Guest | Wang Lin
##Compiled by | Zhang Feng
Planning | Xu Jiecheng
Artificial intelligence has two relatively large factions: rationality ism and empiricism. But in real industrial-grade products these two factions complement each other. How to introduce more controllability and more knowledge into this model black box requires the application of knowledge graphs, which carry symbolic knowledge.
Recently, at the WOT Global Technology Innovation Conference hosted by 51CTO, Taifan Technology CTO Dr. Wang Lin brought the evolution of the topic "Graph Database: A New Path to Cognitive Intelligence" to the attendees, focusing on the history and evolution of the graph database model; the important way for graph databases to achieve cognitive intelligence, As well as graph database design and practical experience on OpenGauss.
The content of the speech is now organized as follows, hoping to inspire you:
From a certain point From the perspective of dimensions, artificial intelligence can be divided into two categories. One is connectionism, which is the deep learning we are familiar with, which simulates the structure of the human brain to do some things such as perception, recognition, and judgment.
The other type is Symbolism, which usually simulates the human mind. Cognitive processes are operations on symbolic representations. Therefore, it is often used for some thinking and reasoning. A typical representative technology is knowledge graph.
Knowledge graph is essentially a graph-based semantic network that represents entities and relationships between entities. At a high level, a knowledge graph is also a collection of interrelated knowledge, describing the real world and the relationships between entities and things in a form that humans can understand.
Knowledge graph can bring us more domain knowledge and contextual information to help us make decisions. From an application perspective, knowledge graphs can be divided into three types:
One isDomain related knowledge map. The knowledge extracted from structured and semi-structured data forms a knowledge graph, which is relevant in the field. The most typical application is Google's search engine.
The second is External perception knowledge graph. Aggregate external data sources and map them to internal entities of interest. A typical application is in supply chain risk analysis. Through the supply chain, you can see information about suppliers, its upstream and downstream, factories and other supply lines, so that you can analyze where there are problems and whether there are risks of interruption.
The third is Natural Language Processing Knowledge Graph. Natural language processing includes a large number of technical terms and even keywords in the field, which can help us make natural language queries.

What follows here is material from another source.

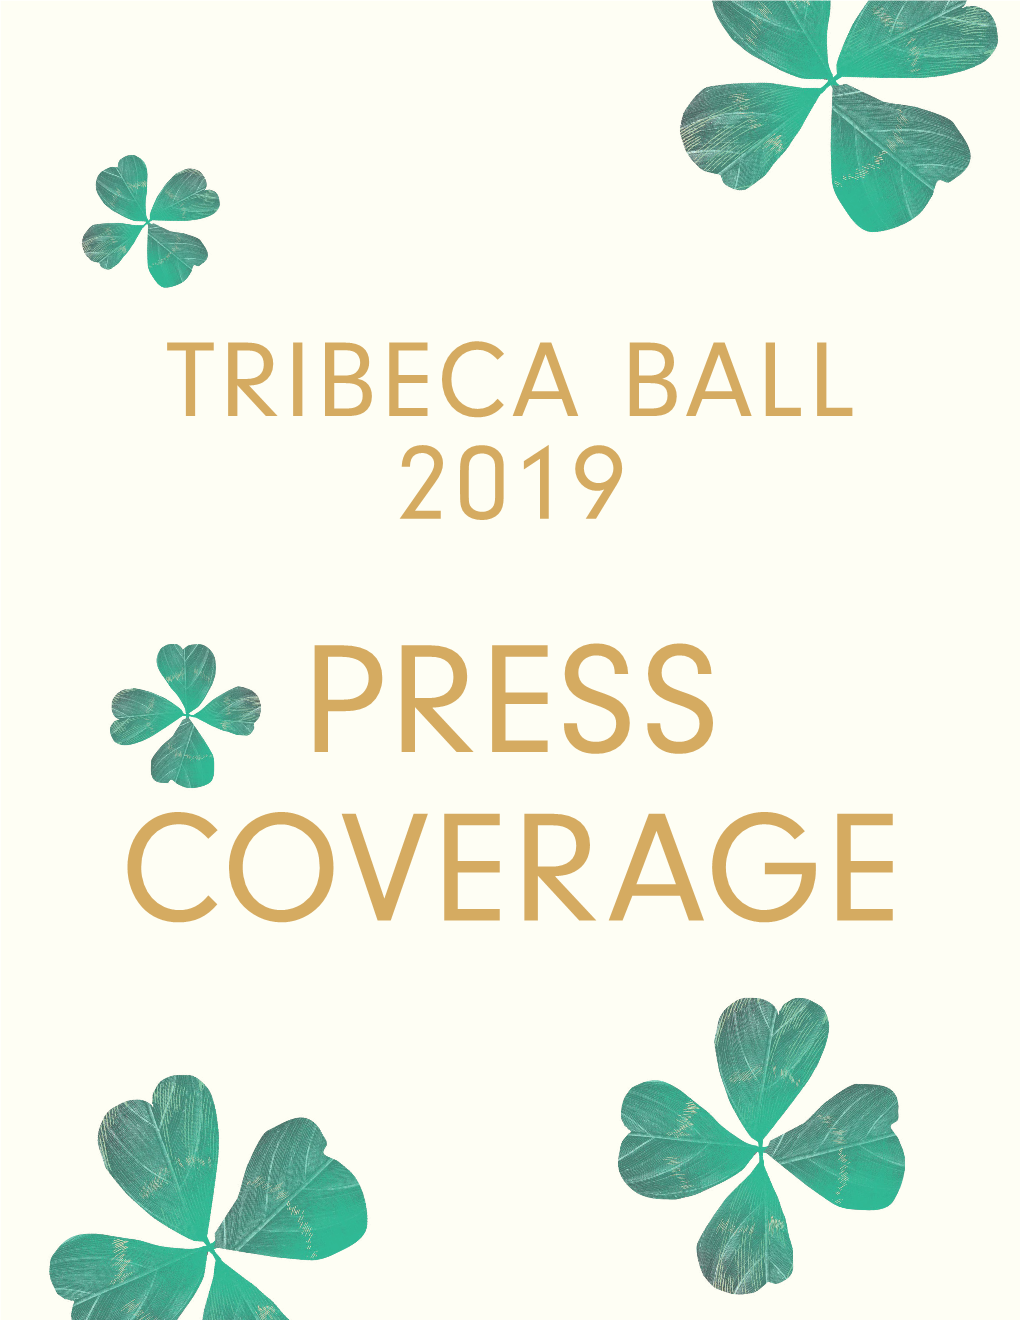 Tribeca Ball 2019

2. Improve operating efficiencyMachine learning methods often rely on data stored in tables, and most of these data are actually resource-intensive operations. The knowledge graph can provide relevant content in high-efficiency fields, connect data, and achieve multiple degrees of separation in relationships, which is conducive to large-scale rapid analysis. From this perspective, the graph itself accelerates the effect of machine learning.
Furthermore, machine learning algorithms often need to be calculated on all data. Through a simple graph query, you can return the subgraph of the required data, thereby accelerating operating efficiency.
3. Improve prediction accuracyRelationship is often the strongest predictor of behavior, and the characteristics of the relationship can be easily obtained from the graph.
By associating data and relationship diagrams, the characteristics of relationships can be extracted more directly. But in traditional machine learning methods, sometimes a lot of important information is actually lost when abstracting and simplifying data. Therefore, relational properties allow us to analyze without losing this information. Additionally, graph algorithms simplify the process of discovering anomalies like tight communities. We can score nodes within tight communities and extract that information for use in training machine learning models. Finally, feature selection is performed using graph algorithms to reduce the number of features used in the model to a most relevant subset.
4. Explainability
In recent years, we have often heard about "interpretability", which is also a particularly big challenge in the application of artificial intelligence. We need to understand how artificial intelligence reaches this decision and this result, and there are many demands for explainability, especially in some specific application fields, such as medical, finance and justice.
Interpretability includes three aspects:
(1) Interpretable data. We need to know why the data was selected, what is the source of the data? Data must be interpretable.
(2) Interpretable prediction. Interpretable predictions mean that we need to know which features are used and which weights are used for a specific prediction.
(3) Interpretable algorithm. The current prospects of interpretable algorithms are very attractive, but there is still a long way to go. Tensor networks are currently proposed in the research field, and this method can be used to make the algorithm have a certain interpretability.
Mainstream graph data model
Since graphs are so important for the application and development of artificial intelligence, how should we make good use of it? Woolen cloth? The first thing that needs attention is the storage management of the graph, that is, the graph data model.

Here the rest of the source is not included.